Risk vectors: Over-reliance on AI recommendations in farming contexts where model training data is sparse (new crop varieties, unusual climate conditions) can amplify rather than reduce yield failures. Consolidation of agricultural AI platforms into a small number of providers creates data dependency risks for farmers. The IOD and ENSO climate modelling considerations analysed in Fenrir’s Climate & Markets series are directly relevant to AI agricultural forecasting accuracy.
Education is the sector where AI’s positive access case and its credential disruption risk are most directly in tension. UNESCO estimates a global shortage of 44 million teachers, creating a structural access constraint that cannot be solved by training more teachers in time for current student cohorts. AI tutoring systems offer a partial structural solution: adaptive, patient, available at 2am, capable of explaining the same concept twelve different ways until it registers.
Khan Academy’s Khanmigo has demonstrated measurable improvements in student mathematics and reading outcomes in controlled settings. Carnegie Learning’s AI maths tutor is deployed in thousands of US school districts and has produced learning gains significantly above control groups. The democratisation of Socratic tutoring — historically available only to the affluent through private instruction — is one of the most defensible positive externalities of AI deployment. For an analyst covering emerging market consumer or digital infrastructure, the penetration of mobile AI tutoring tools in India, Nigeria, Brazil, and Indonesia represents a multi-decade demand story for connectivity infrastructure.
The disruption risk is genuine and operates on two dimensions. First, AI’s ability to generate passing essays, solve problem sets, and complete assessments on any topic in seconds fundamentally invalidates assessment frameworks designed to measure student effort and understanding. Institutions that respond by redesigning assessments toward judgment, synthesis, and demonstration — rather than merely information retrieval and templated argument — will produce graduates with skills that remain valuable in an AI economy. Institutions that do not will produce graduates whose credential signals are degraded.
Second, the current educational model prepares students to perform tasks that AI will do at a fraction of the cost within their working lifetimes. This is not primarily a skills update problem — it is a purpose re-specification problem. Education systems optimised for producing reliable cognitive workers in stable job categories need to pivot toward producing adaptable, creatively capable, and socially sophisticated individuals whose value is not threatened but enhanced by AI tools. The institutions that achieve this transition fastest will define the talent pipeline for the AI economy.
Risk vectors: Equity in AI-enabled education is deeply uneven — students with home broadband access and modern devices benefit; students without do not, potentially widening existing educational inequality. Algorithmic bias in adaptive learning systems can systematically underestimate potential in students from underrepresented groups if training data reflects prior human biases in assessment. Teacher role redefinition is a major labour market and social change challenge that is proceeding without adequate policy support.
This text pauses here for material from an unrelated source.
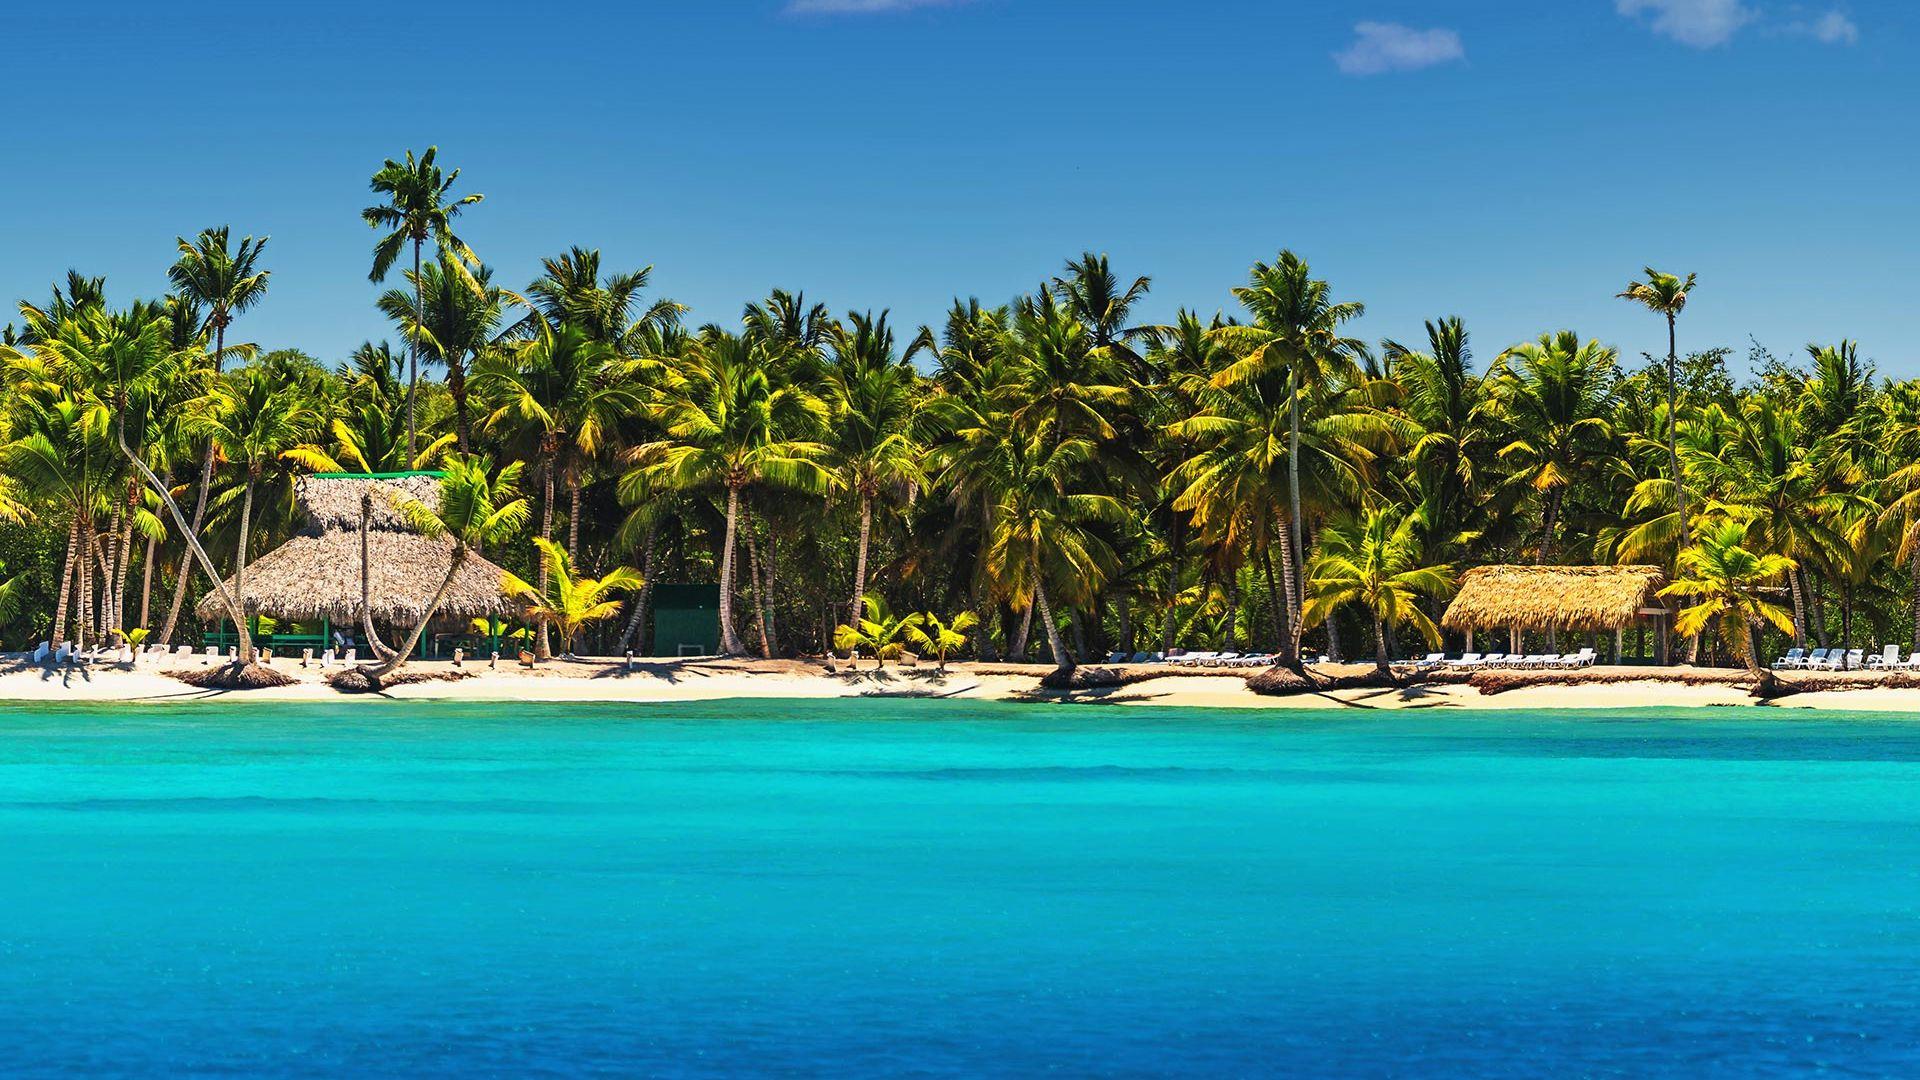 Sejur Plaja Punta Cana, Republica Dominicana, 12 zile - ianuarie 2022

Retail was an early AI adopter — recommendation engines powering Amazon’s product suggestions, Netflix’s content rankings, and Spotify’s Discover Weekly playlists have been machine learning products for over a decade. The shift with generative AI is one of depth and interactivity: from static recommendation lists to dynamic, conversational shopping experiences that can understand ambiguous requests, synthesise product information across thousands of items, and adapt in real time to expressed preferences.
Demand forecasting is the highest-ROI AI application in retail for most operators. AI systems processing point-of-sale data, social media trends, weather forecasts, and competitor pricing in real time can predict demand at SKU-by-store level with accuracy that legacy statistical models cannot approach. For a grocery retailer managing 20,000 SKUs across 500 stores, a 5% improvement in demand forecast accuracy translates to millions in reduced food waste, improved in-stock rates, and optimised replenishment logistics. This is measurable, deployable today, and produces compounding returns as more data is ingested.
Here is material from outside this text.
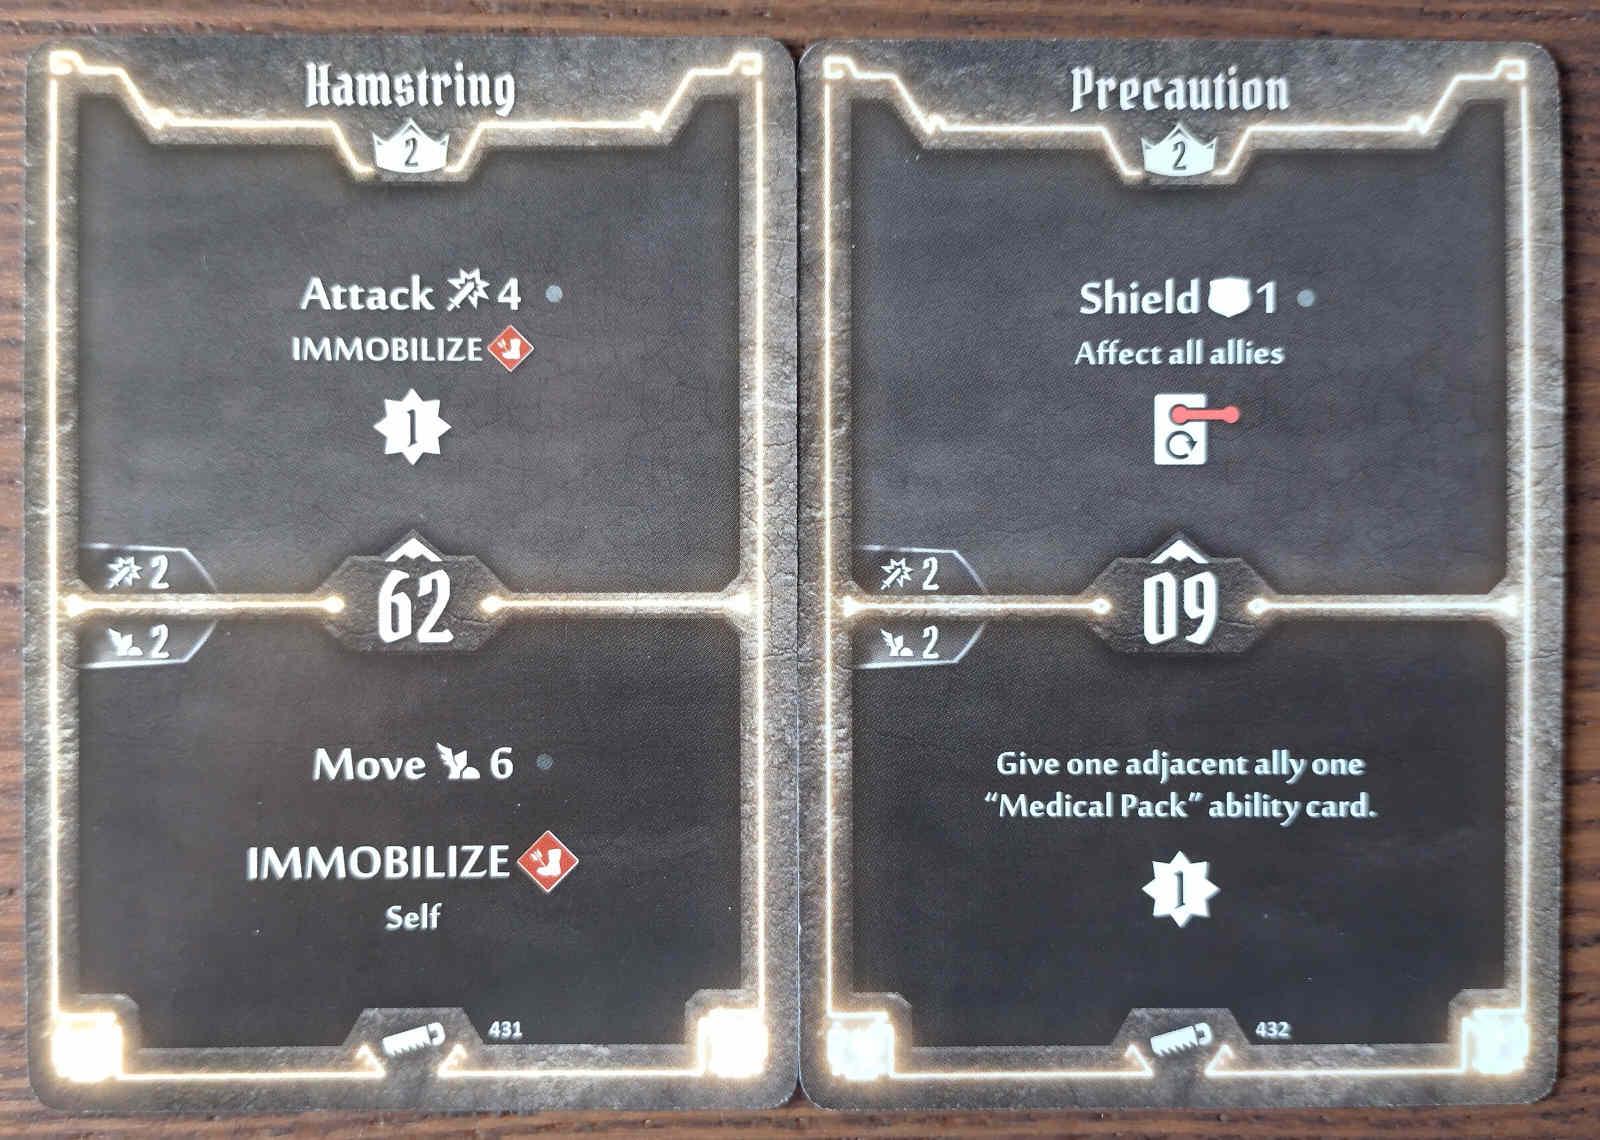 Level 2 Sawbones cards - Hamstring and Precaution

Dynamic pricing — AI systems adjusting prices in real time based on demand, competitor pricing, inventory levels, and customer segments — is live at Amazon, major airlines, hotel chains, and ride-sharing platforms. Implemented well, it improves market clearing efficiency. Implemented poorly (surge pricing in emergencies, predatory individualised pricing exploiting data asymmetry), it generates significant political and regulatory backlash. The regulatory environment around AI-enabled dynamic pricing is hardening in both the EU and several US states.
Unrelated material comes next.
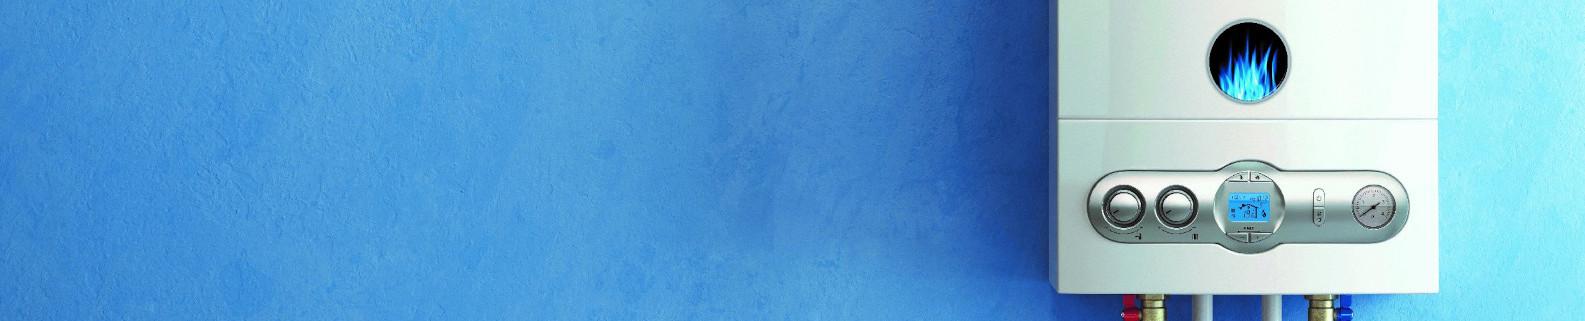 Gasheizung an blauer Wand

AI customer service — large language models handling returns, complaints, order tracking, and product queries — is replacing significant volumes of call centre work at major retailers. The quality bar has risen rapidly: 2025-vintage AI customer service tools handle complex returns scenarios and multi-step queries that required escalation to human agents as recently as 2023. The net employment effect in retail customer service is measurable and negative for entry-level call centre roles.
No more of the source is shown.